# THE TASK:
Reproduce the data below exactly as written. Pictures do not belong in the copy.
===== INFORMATION PROVIDED
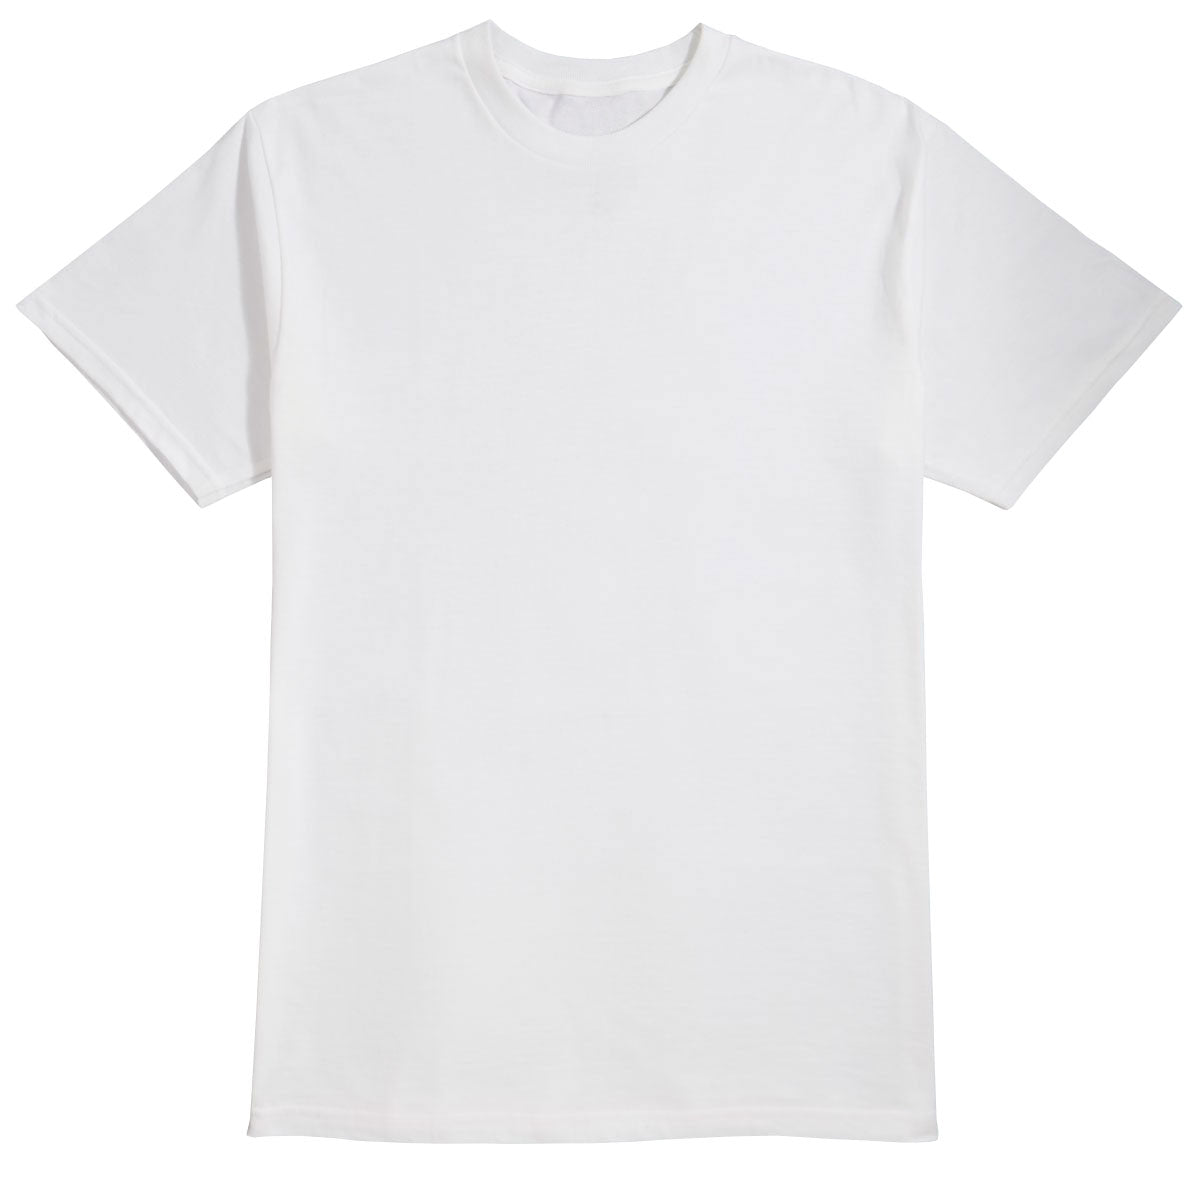 Converse Spider Web T-Shirt - White - LG image 1
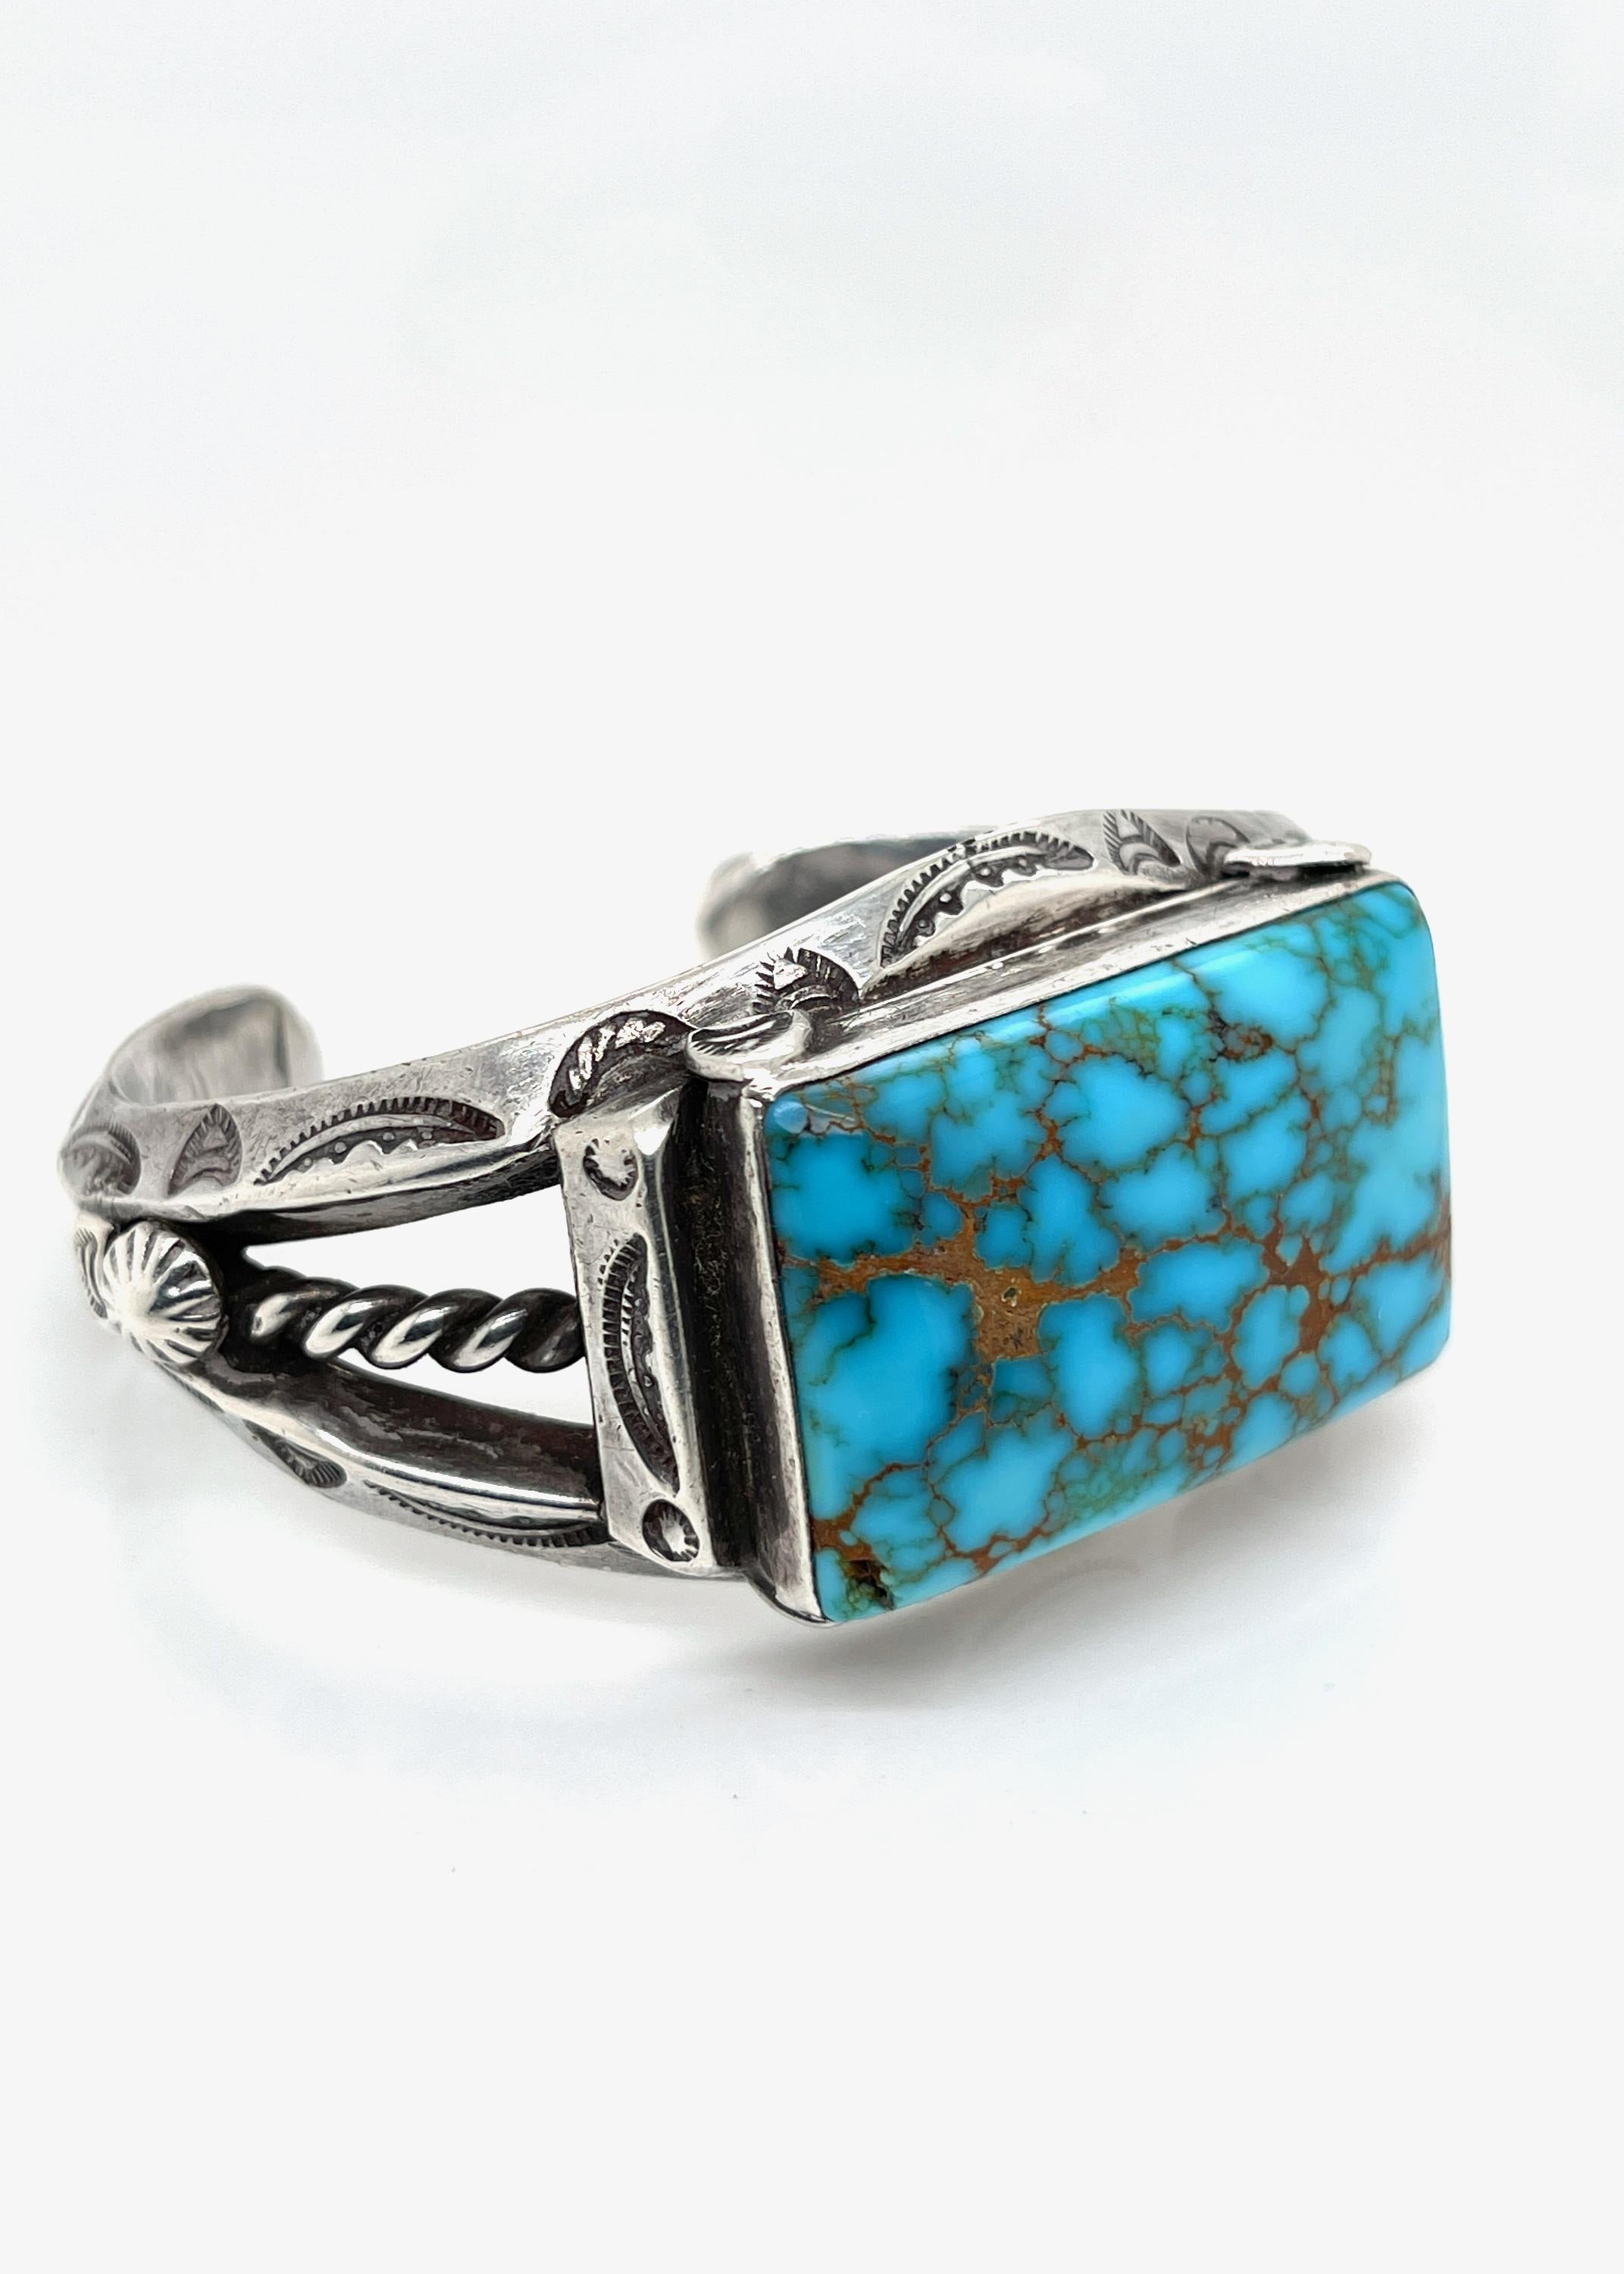 Cabochon Old Pawn Navajo Native American Silver & Matrix Turquoise Cuff Bracelet
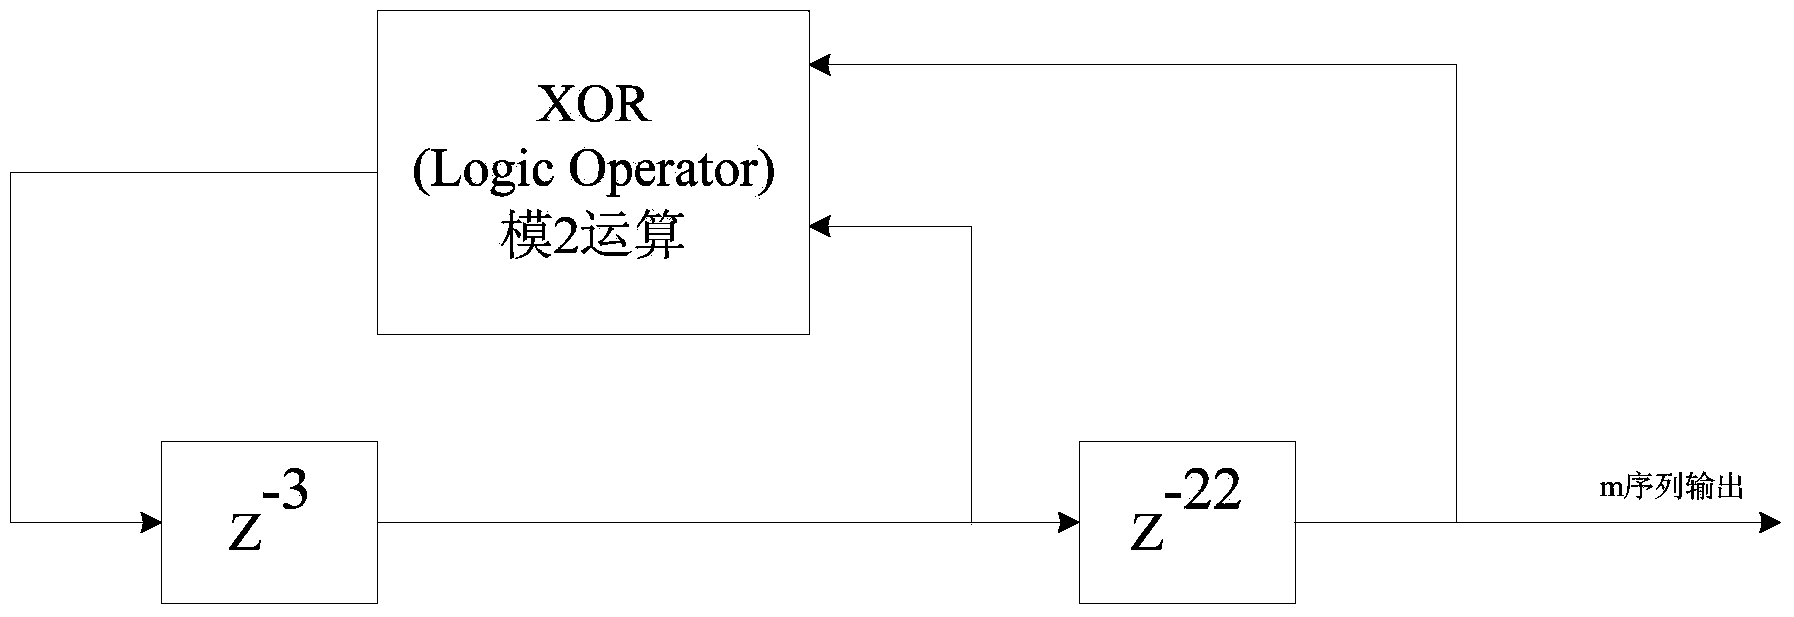 M sequence generator-based primitive polynomial pseudo-random sequence generator
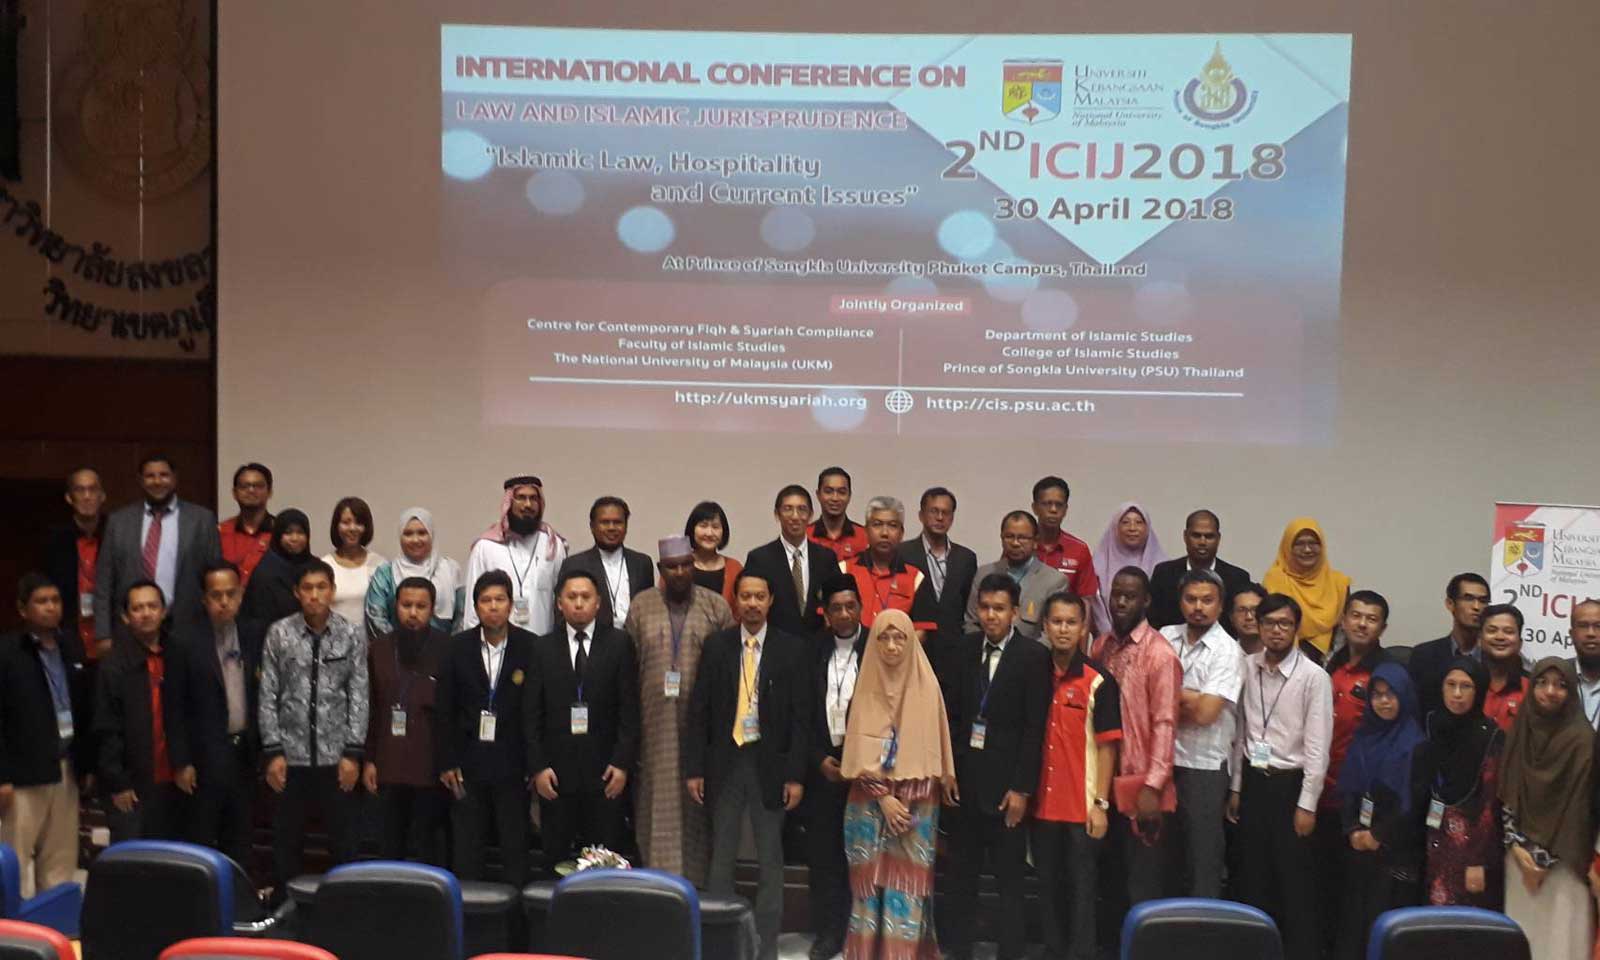 Foto Bersama Peserta “2nd International Conference on Law and Islamic Jurisprudence 2018” di Prince of Songkla University, Phuket, Thailand
==========
# ANSWER SPACE:
 Converse Spider Web T-Shirt - White - LG image 1
 Cabochon Old Pawn Navajo Native American Silver & Matrix Turquoise Cuff Bracelet
 M sequence generator-based primitive polynomial pseudo-random sequence generator
 Foto Bersama Peserta “2nd International Conference on Law and Islamic Jurisprudence 2018” di Prince of Songkla University, Phuket, Thailand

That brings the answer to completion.